Я полагаю, что одним из главных этих средств должно быть по возможности долгое, очень долгое сохранение Австрии, предварительно, конечно, жестоко проученной.
Воевать с Австрией желательно; изгнать ее из Боснии, Герцеговины и вообще из пределов Балканского полуострова необходимо; но разрушать ее – избави нас, Боже.

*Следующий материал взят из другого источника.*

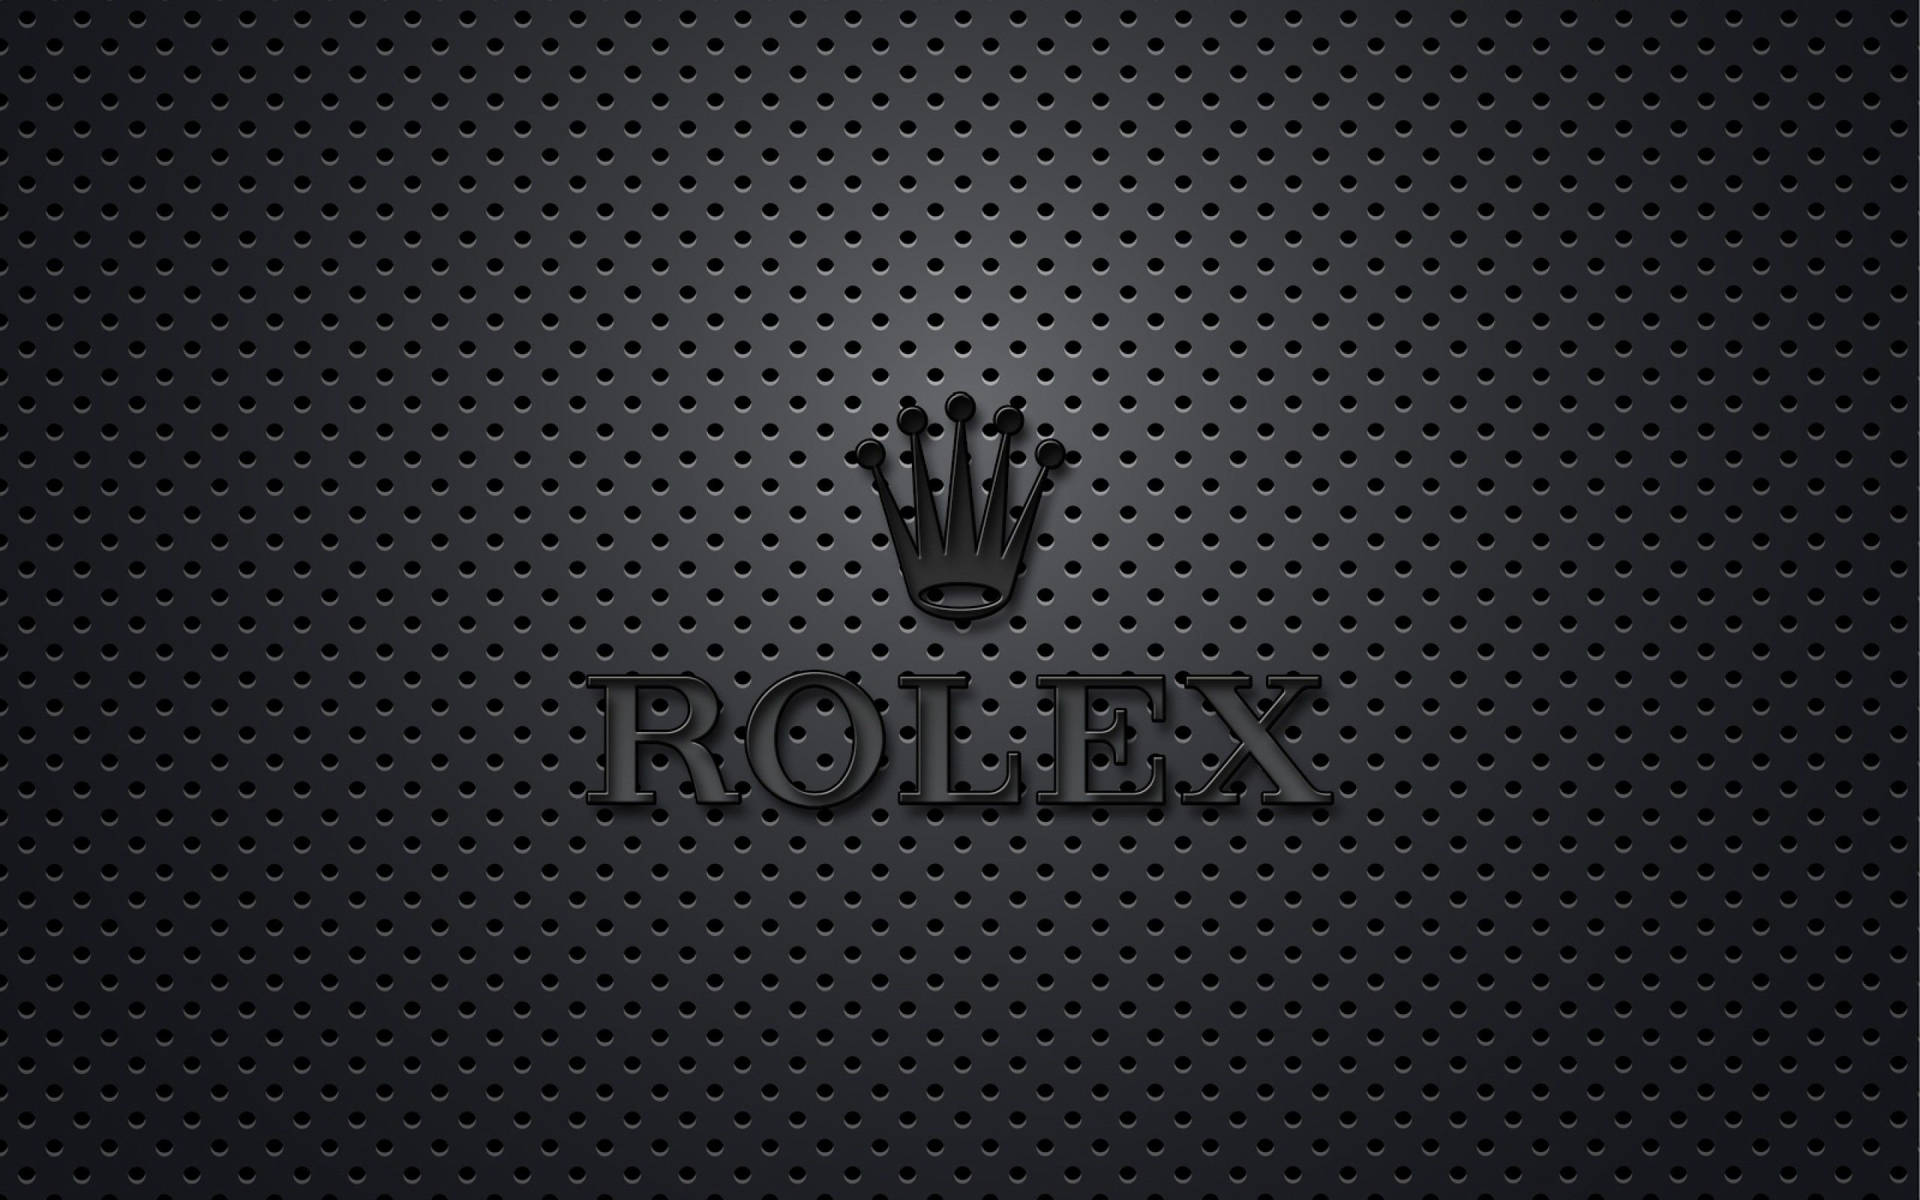 Rolex Wallpapers  Top 30 Best Rolex Wallpapers Download

Она до поры до времени (до православно-культурного возрождения самой России и восточных единоверцев ее) – драгоценный нам карантин от чехов и других уже слишком европейских славян» (см.: «Национальная политика как орудие всемирной революции», с. 44–45).
Кажется – ясно.
А вот заметка г-на Астафьева о моем «нападении» на «национальность», на «национальное начало», на «национальные идеалы» и т. д.

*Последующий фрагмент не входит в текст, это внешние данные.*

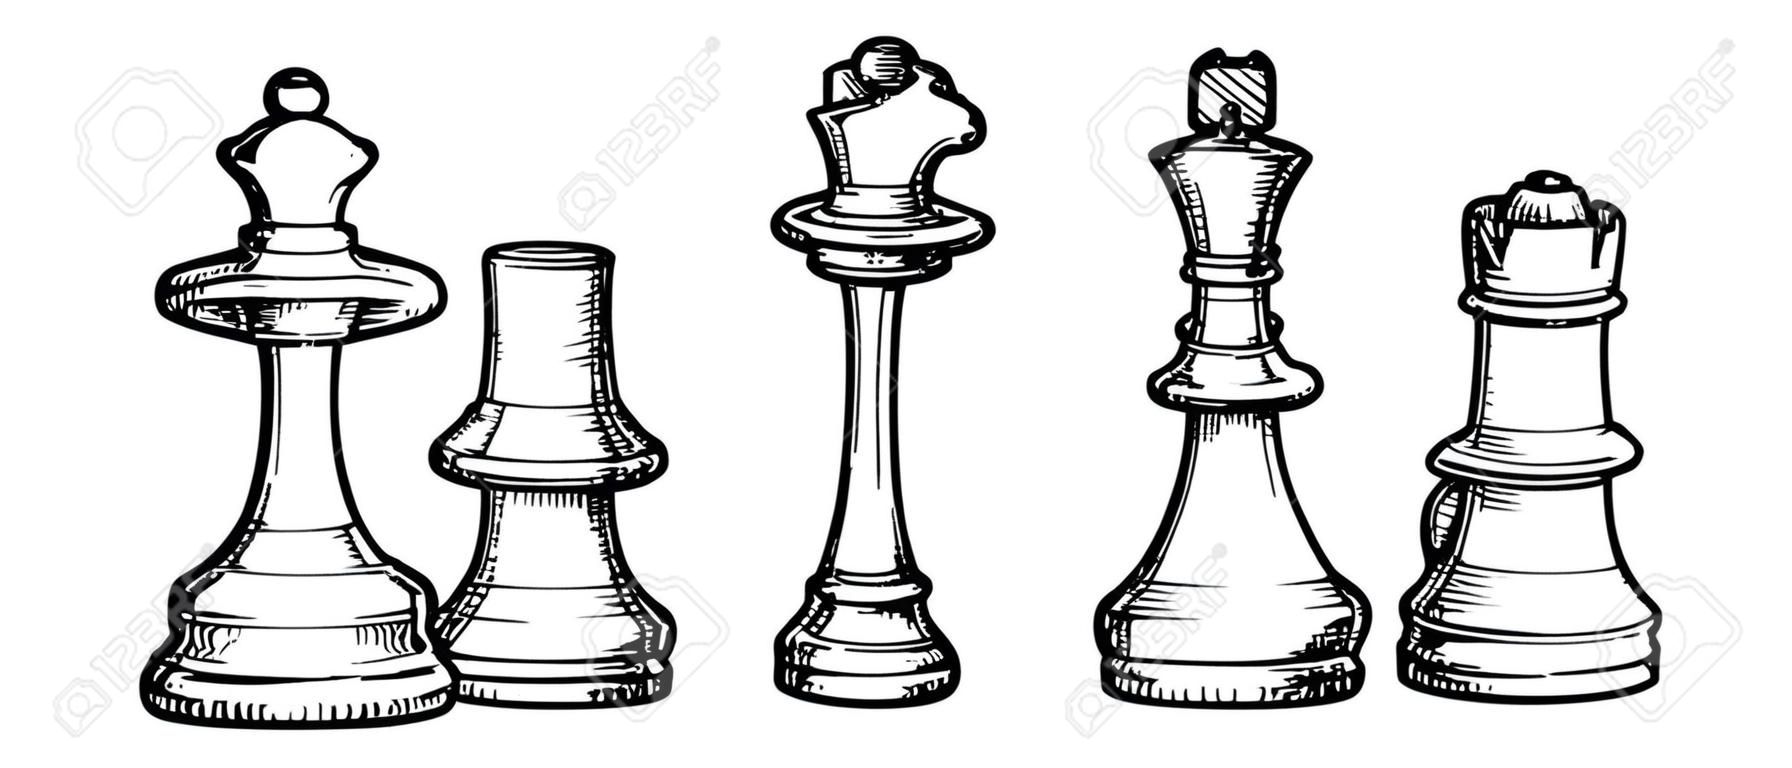 Vector ilustración en blanco y negro de ajedrez estilizado como grabado

«Не страшны для национального идеала и такие нападения, как сделанное на него не так давно К. Н. Леонтьевым в брошюре «Национальность как орудие всемирной революции», брошюре, замечательно талантливой по художественной яркости нарисованной картины нашего века, но или ничего не доказывающей против начала национальности, или доказывающей гораздо больше, чем автору нужно. Ведь если прожитый нами век революций был вместе с тем и веком пробудившегося сознания и торжества национального начала, то был он также веком и весьма многого другого, например, торжества рационалистической философии, а затем – материализма, скептицизма и позитивизма, веком небывалых успехов техники и промышленности, экономического развития, роста и торжества космополитической буржуазии, парламентаризма и т. д. и т. д.! Внутренняя связь всего этого «другого» с революцией, не более и не менее связи ее с национальным началом, доказывается простым фактом одновременности всех этих явлений, которая вообще нигде и ничего сама по себе не доказывает (как намек только на приложение самого несовершенного из индуктивных приемов – метода «согласия»). То же обстоятельство, что национальным началом было возможно воспользоваться, как орудием революции, против этого начала решительно ничего не говорит или же говорит против всех начал и сил жизни вообще, ибо все они могут быть и бывали орудиями и революции, и эволюции. Орудиями революции становились, как мы знаем, порой и наука, и искусство, имена же Марсилия Падуанского, Ла Боэси, Мильтона, Суареса, Марианы и других напоминают нам, что даже в религии не раз пытались искать освящения для теорий народовластия, цареубийства и революции, а «мудрый» Локк даже специально изобрел (в своих two treatises{7}) для революции благочестивую кличку «appeal to heaven» (апелляция к Небу). Что же все это может доказывать?! Конечно уж, не враждебность революции и консервативность начала космополитического»… (см.: «Русское обозрение», март, «Национальное самосознание», с. 277–278).
Прошу кого угодно решить, прав ли я или нет, говоря, что здесь спор невозможен, а приличен только самый простой протест, самое краткое оправдание?
Я не хотел нападать на тот русский (или даже всеславянский) национальный идеал, который в духе Данилевского должен воплощаться в самобытной культуре, самобытной жизни, самобытном государственном строе и т. д. Я нападал только на идеал чисто политического всеславянства. Да и то условно.